Ужасно было наказанье!
 

– Кому наказанье? За что наказанье? – слабо любопытствует Натали.

– Если бы ты дочитала…

– Мне не понравилось!

– Что ты? Что ты?.. Такие стихи тебе не нравятся?

 
Вокруг лилейного чела
Ты косу дважды обвила,
Твои пленительные очи
Яснее дня, чернее ночи…
Чей голос выразит сильней
Порывы пламенных желаний?
Чей страстный поцелуй живей
Твоих язвительных лобзаний?
 

Но Натали усмехается при последних словах:

– Почему «язвительных лобзаний»? Она разве кусалась? – И вдруг вспомнила оживленно: – А какой толстый дядя Пушкина – этот Солнцев!.. Ведь он втрое толще нашего Прова!.. Я до сих пор не могу опомниться, до чего он смешной!

– А вот маме он очень понравился… Потому что камергер и очень внушителен, – отзывается не без насмешки Александра.

Натали закрывает глаза, смеясь:

– Он ужасен, ужасен!.. И если вся родня Пушкина такова… – Но входит лакей с чемоданом, в котором книги и тетради Сережи, за ним Сережа и, наконец, Катерина Алексеевна с видом исполнившей свой долг.
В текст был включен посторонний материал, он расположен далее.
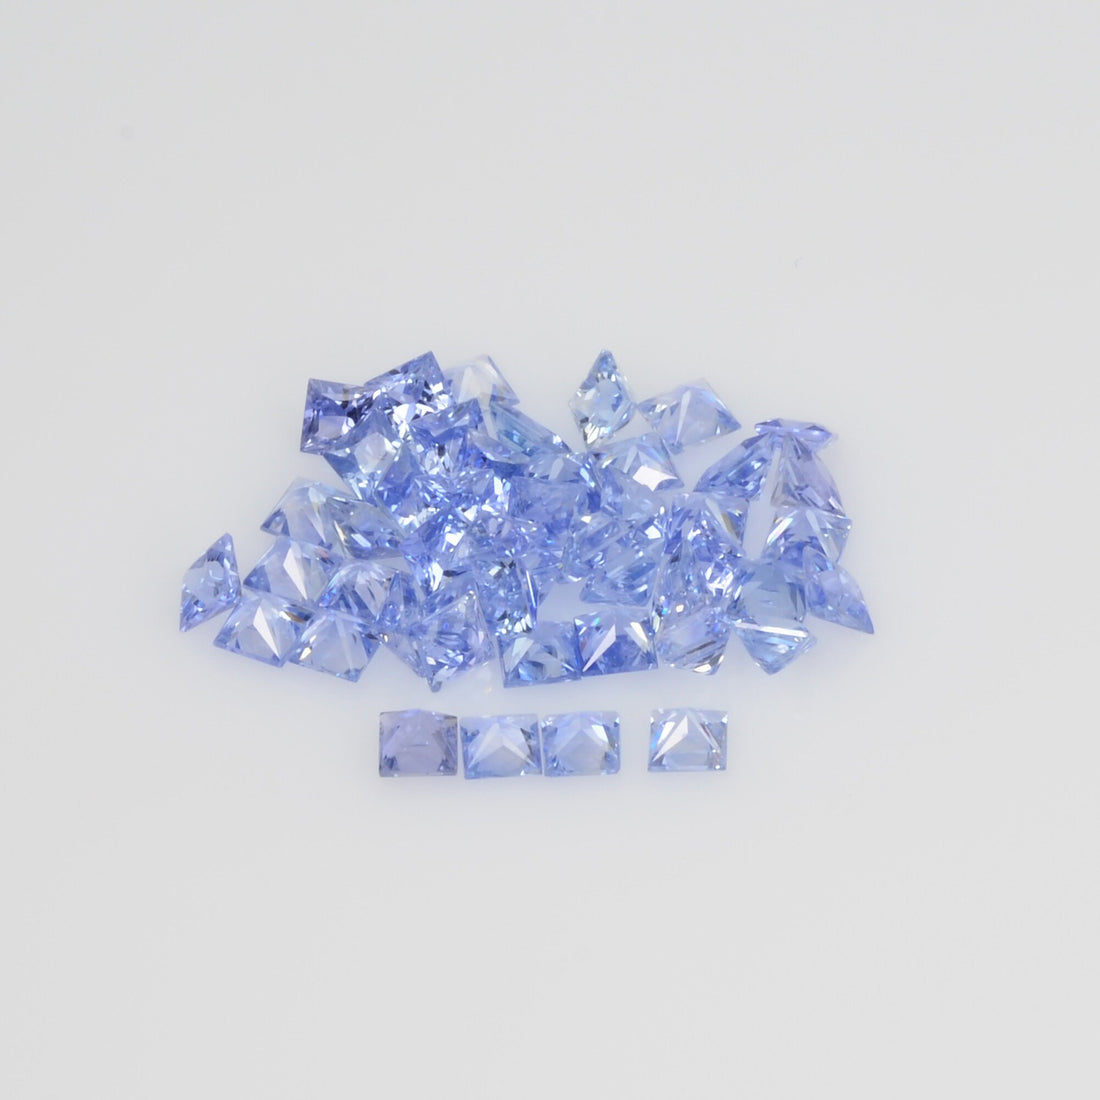 2.8-3.3 MM Natural Princess Cut Blue Sapphire Loose Gemstone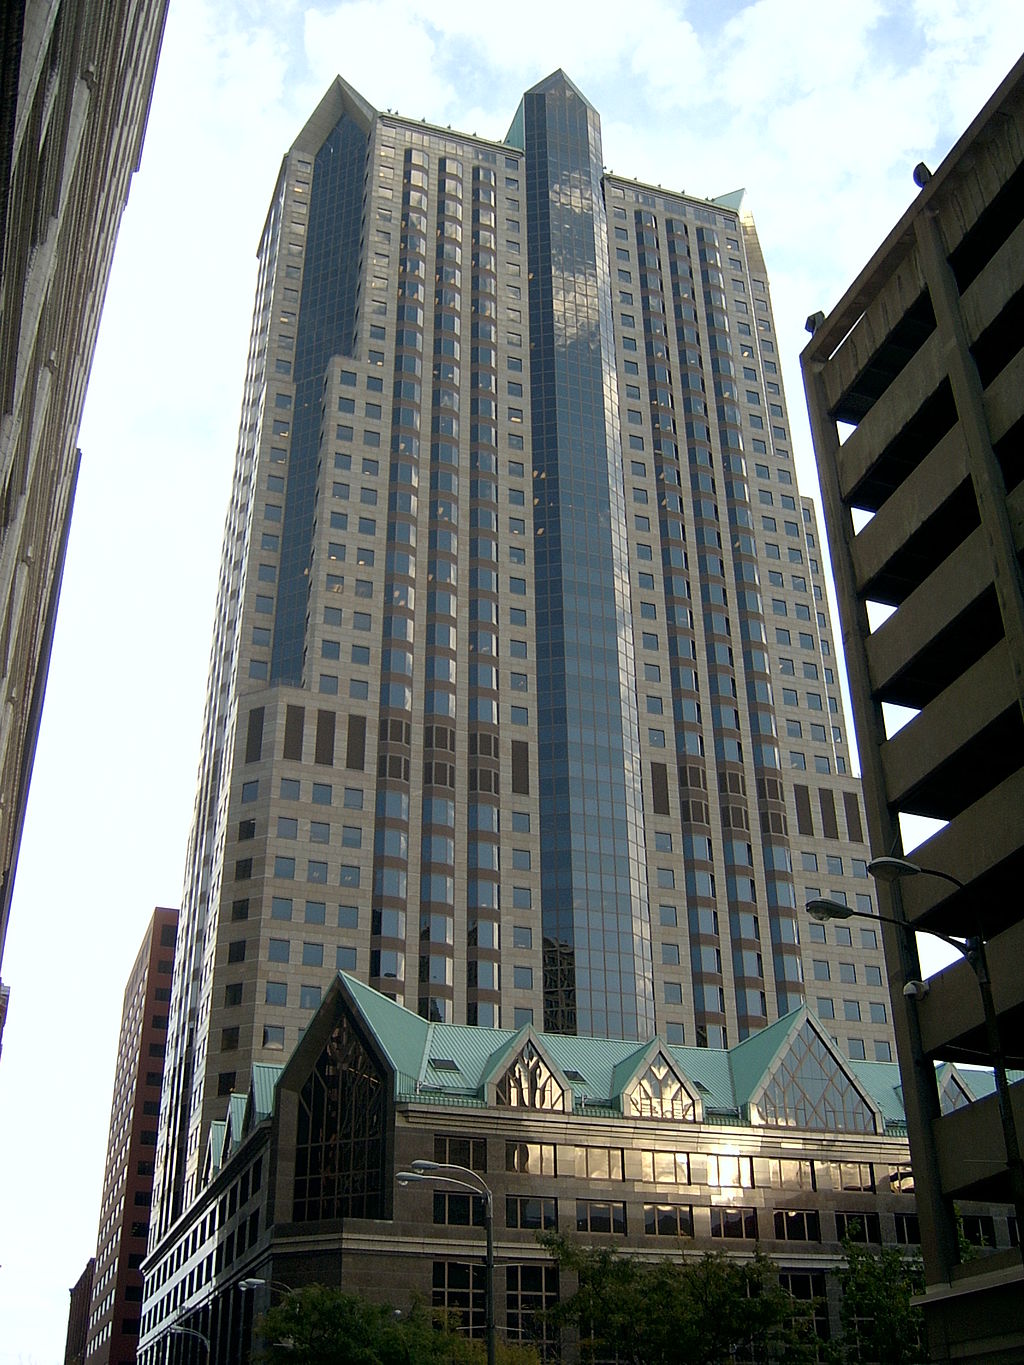 Downtown St. Louis - Wikipedia

– Ну вот и уложили! – говорит она. – Сережечка может хоть сейчас ехать.

– А я разве один поеду? Так мамáа́ сказала?.. – спрашивает Сережа. – Я, конечно, мог бы и один поехать, только верхом на Аяксе!

Все трое проходят в другую комнату, но вдогонку брату замечает Александра сварливо:

– Да, на Аяксе! Кто тебе позволит сто шестьдесят верст верхом ехать?

– А я бы проскакала до Завода верхом! Полтораста верст? Подумаешь, как много! – с увлечением подхватывает Натали.

– Однако тебе ведь никогда не приходилось так много?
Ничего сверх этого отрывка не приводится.